YOUR INSTRUCTIONS: Could every line of the listing be output exactly, with the pictures skipped?

AVAILABLE DATA:
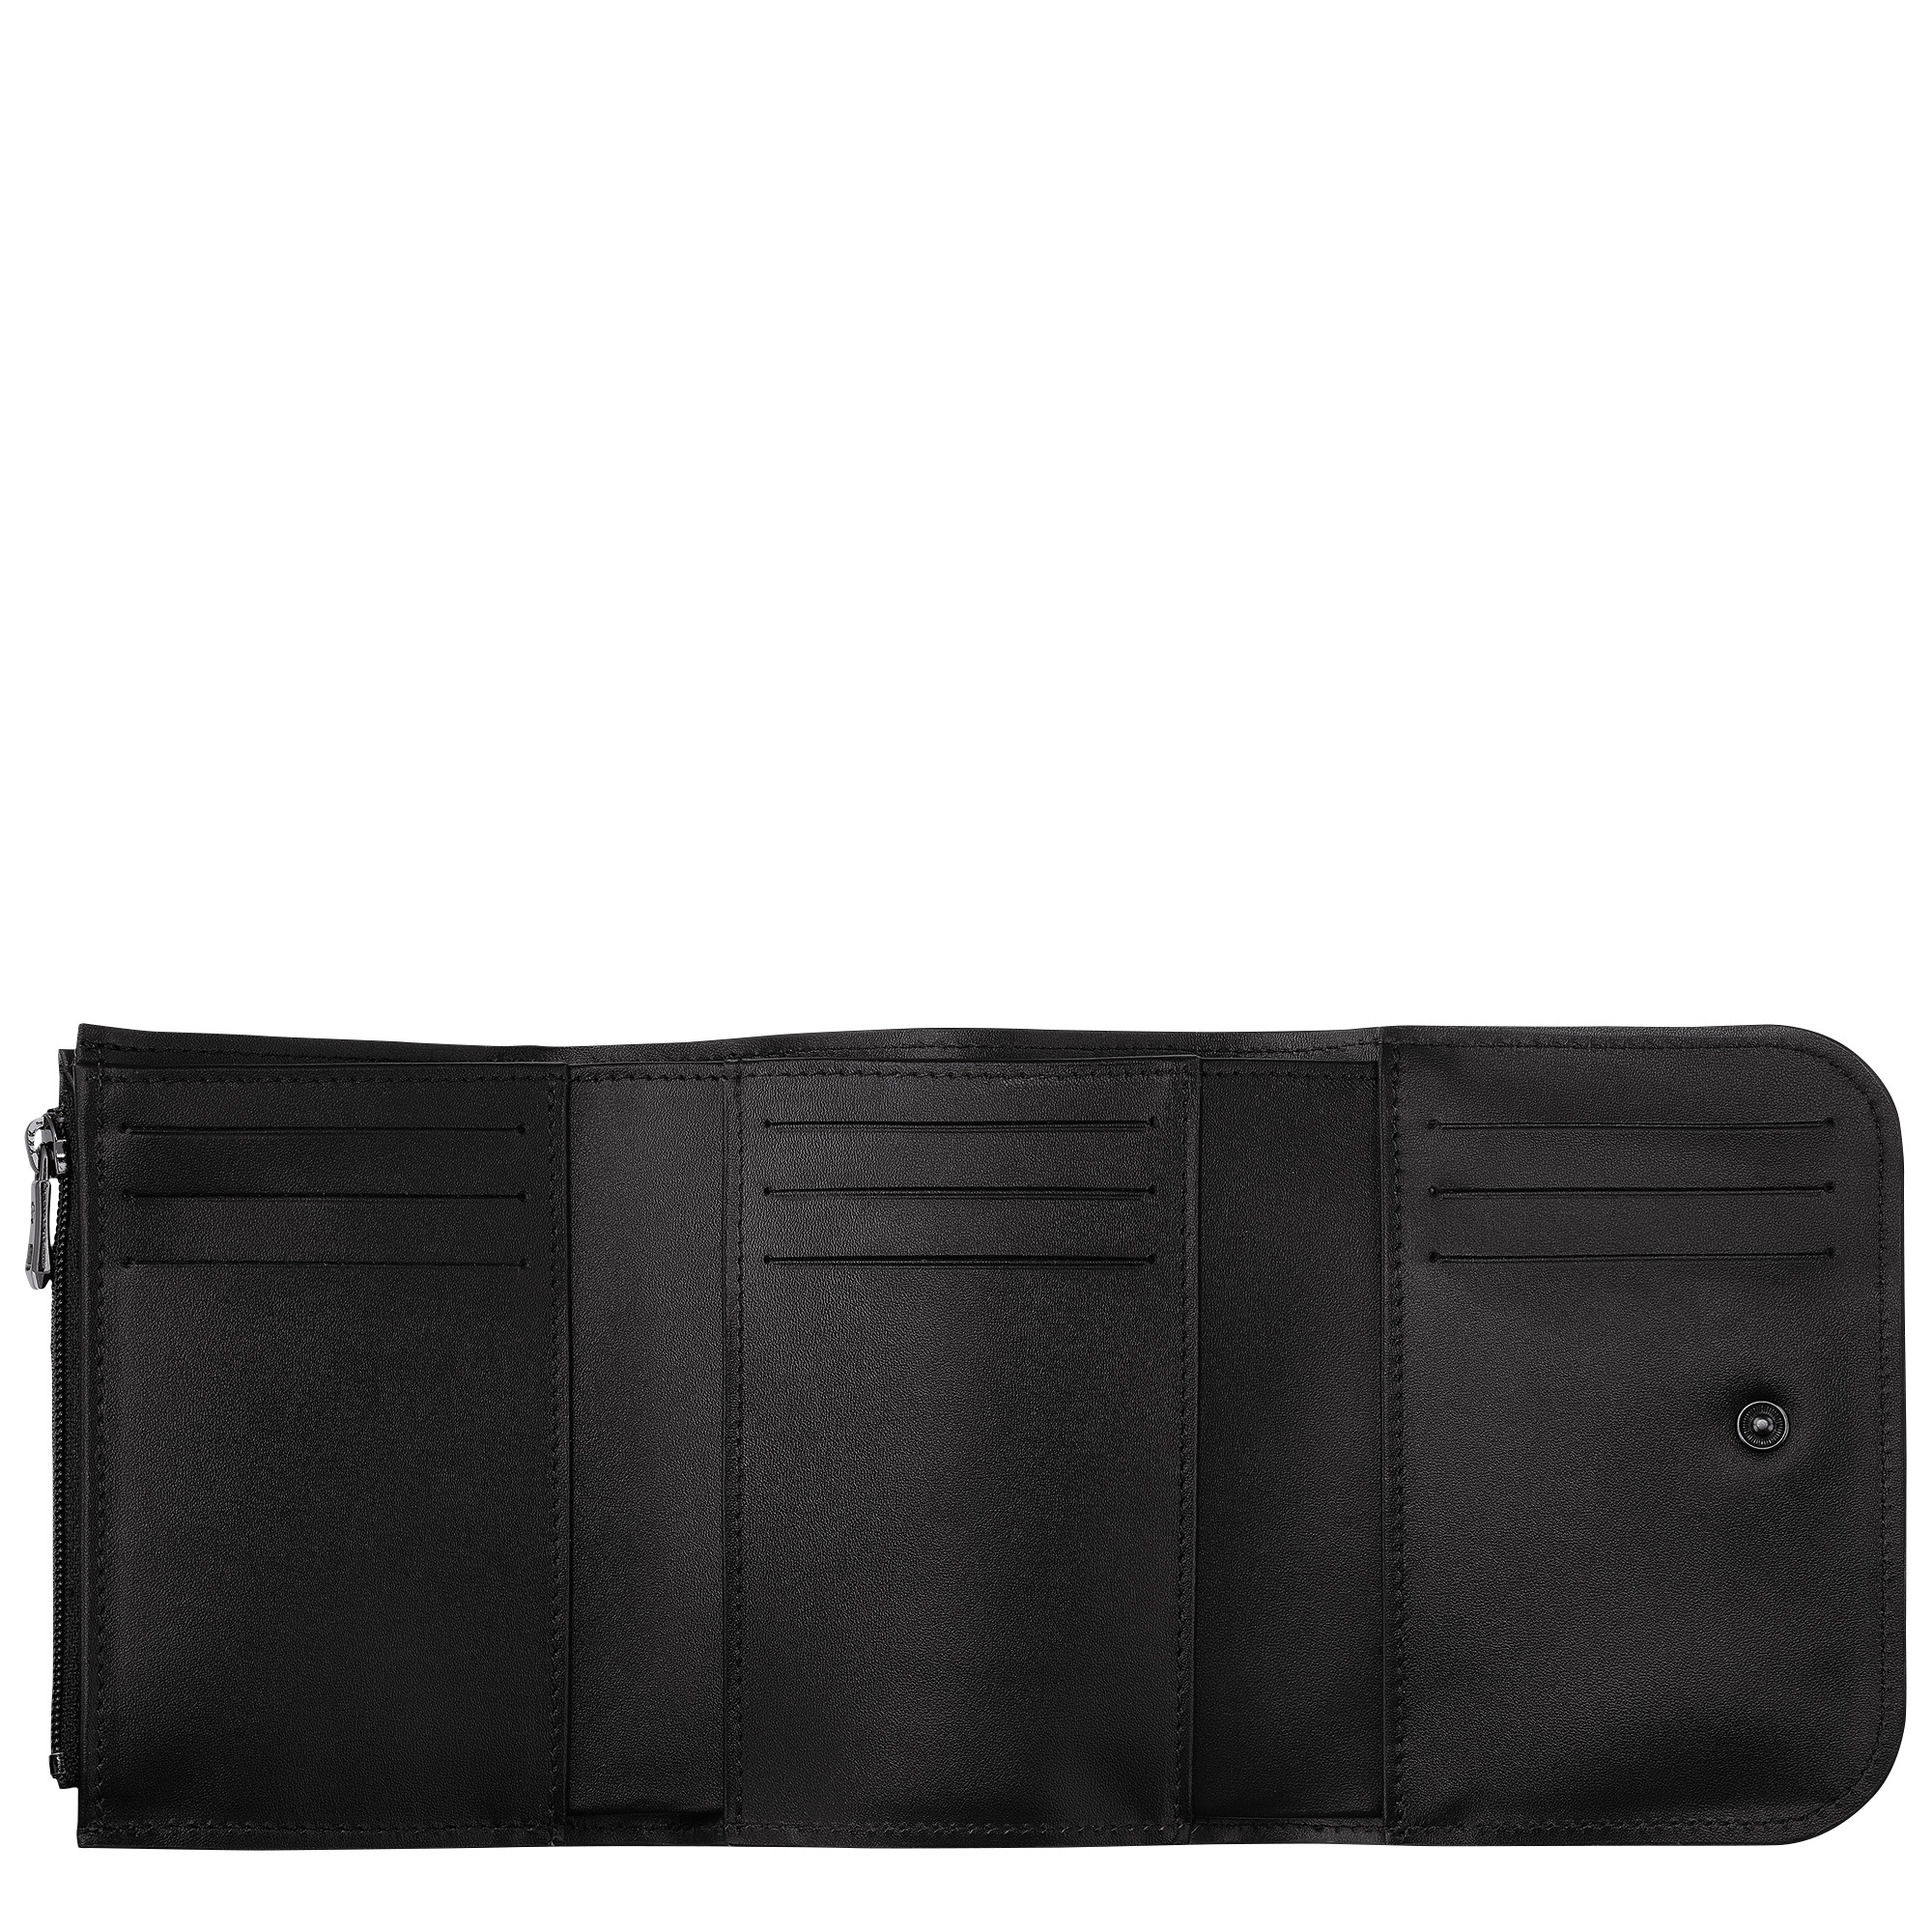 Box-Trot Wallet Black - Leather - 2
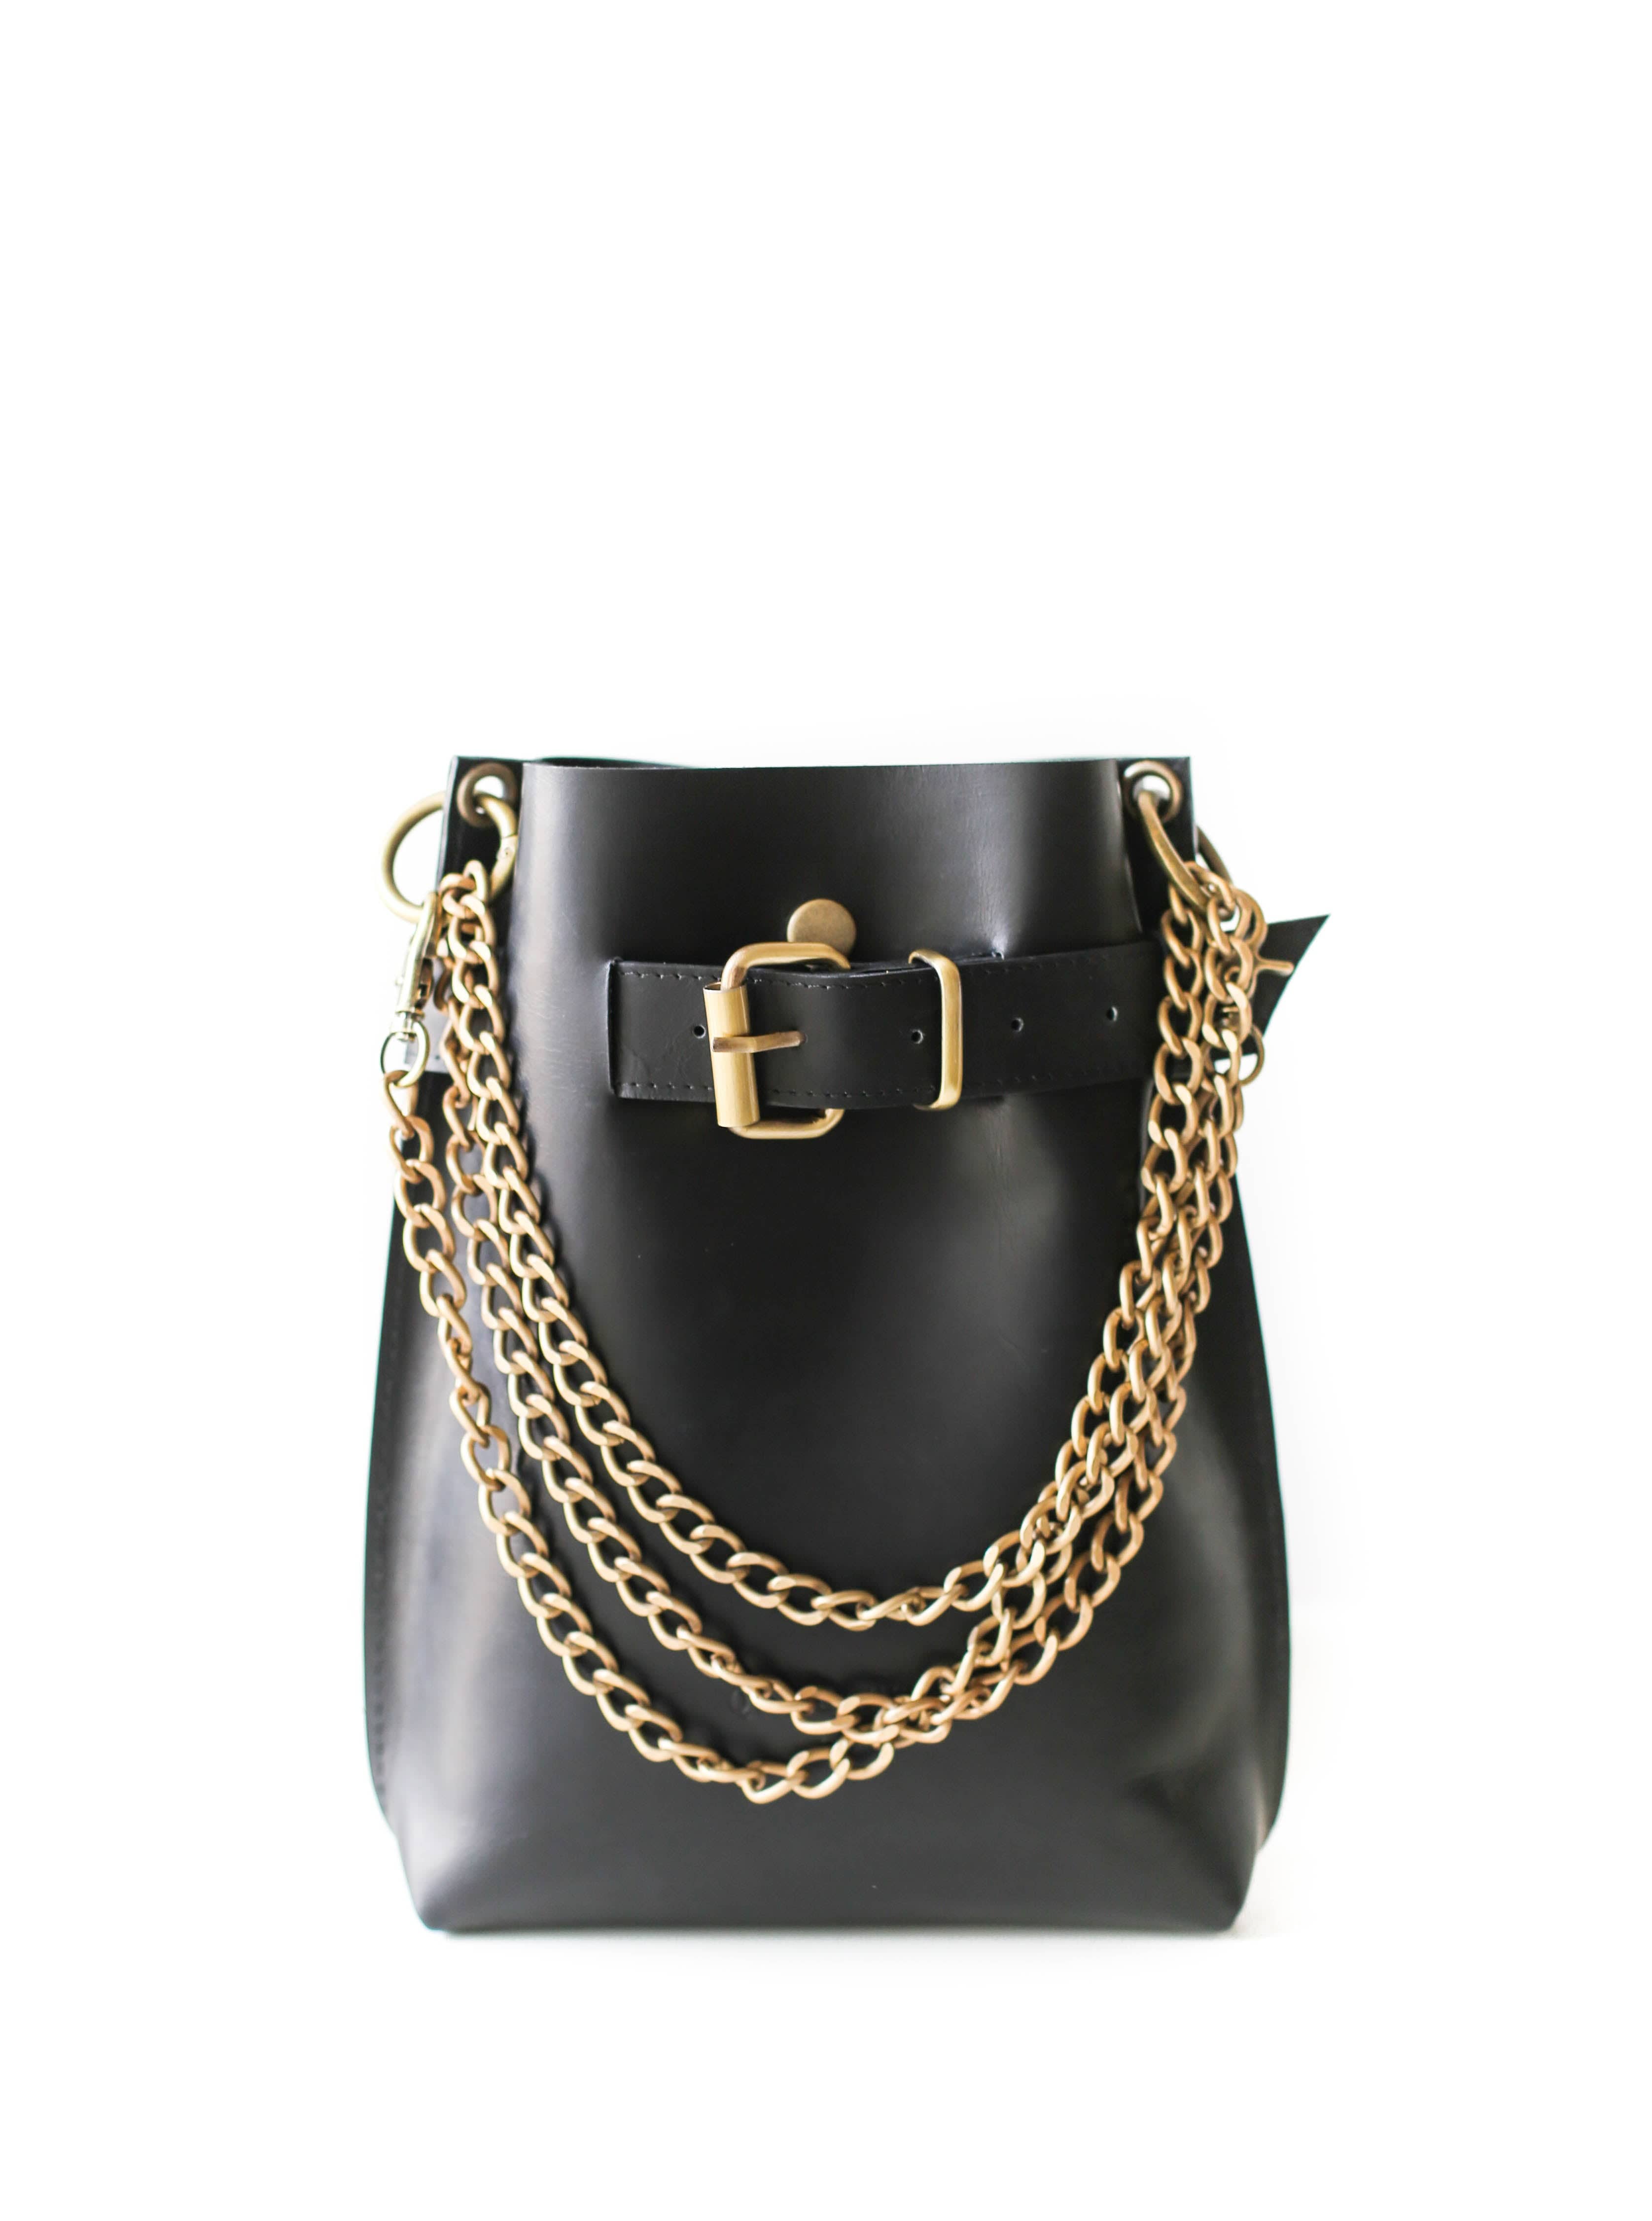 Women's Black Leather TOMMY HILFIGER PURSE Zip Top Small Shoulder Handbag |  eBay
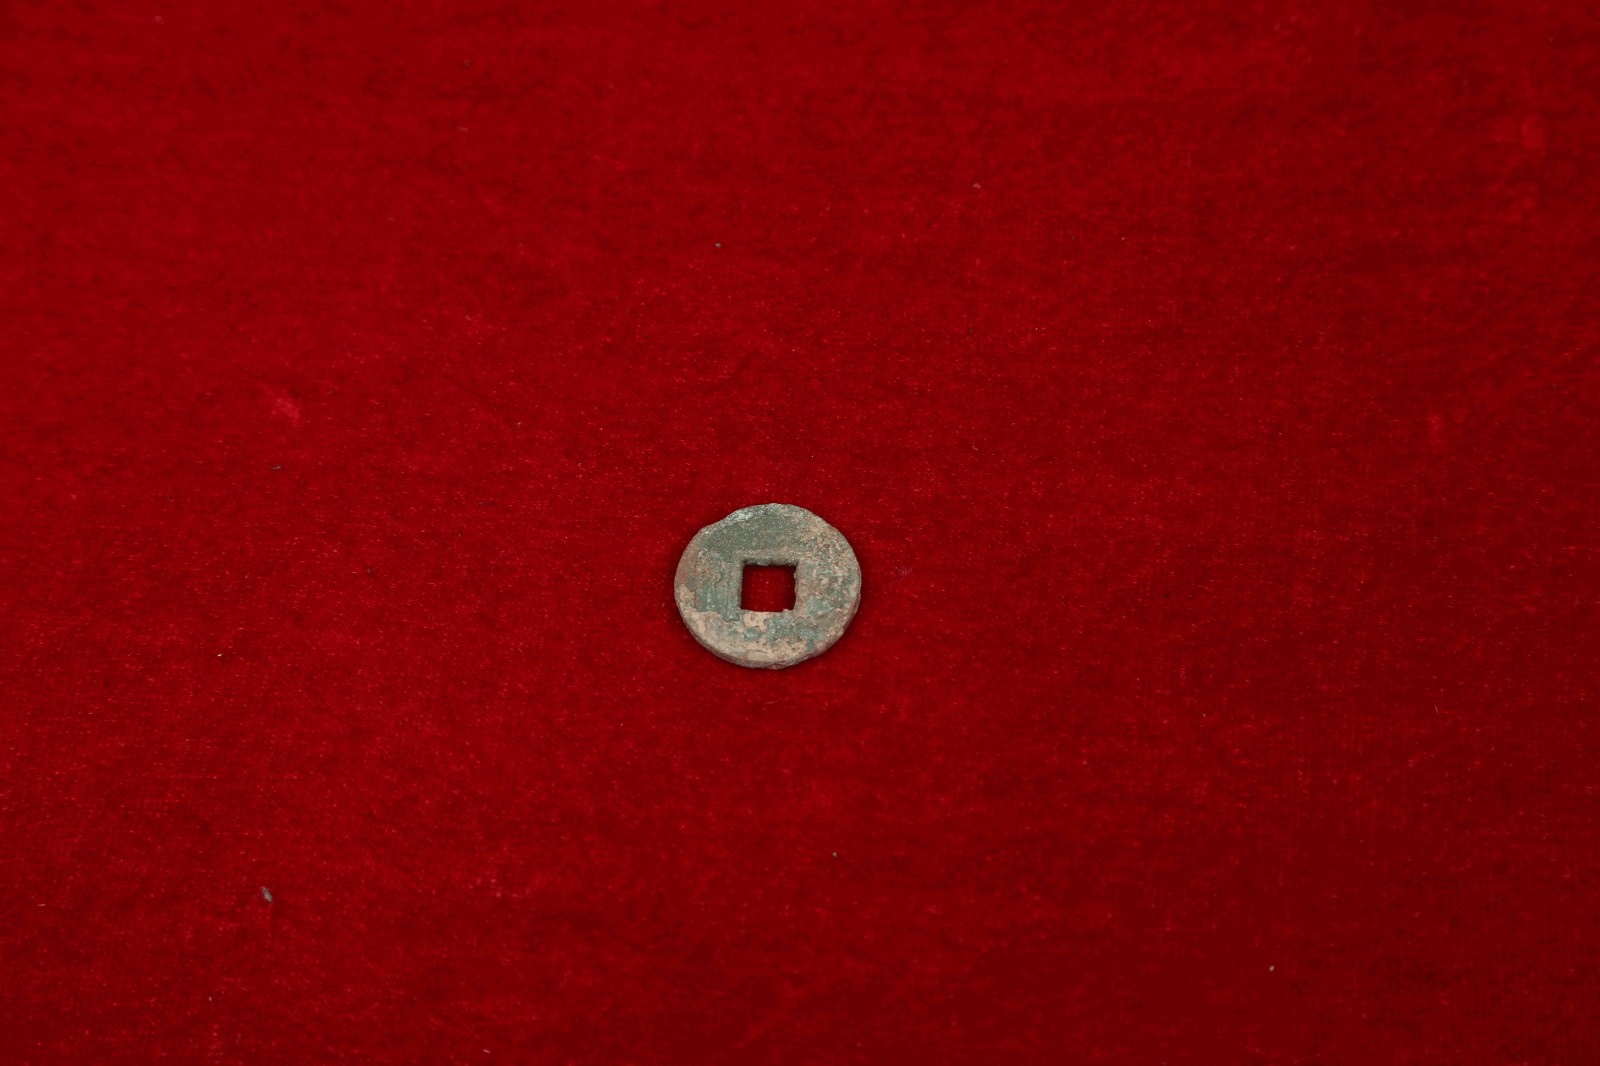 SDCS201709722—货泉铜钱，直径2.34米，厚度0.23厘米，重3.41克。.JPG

FINISHED TASK:
 Box-Trot Wallet Black - Leather - 2
 Women's Black Leather TOMMY HILFIGER PURSE Zip Top Small Shoulder Handbag |  eBay
 SDCS201709722—货泉铜钱，直径2.34米，厚度0.23厘米，重3.41克。.JPG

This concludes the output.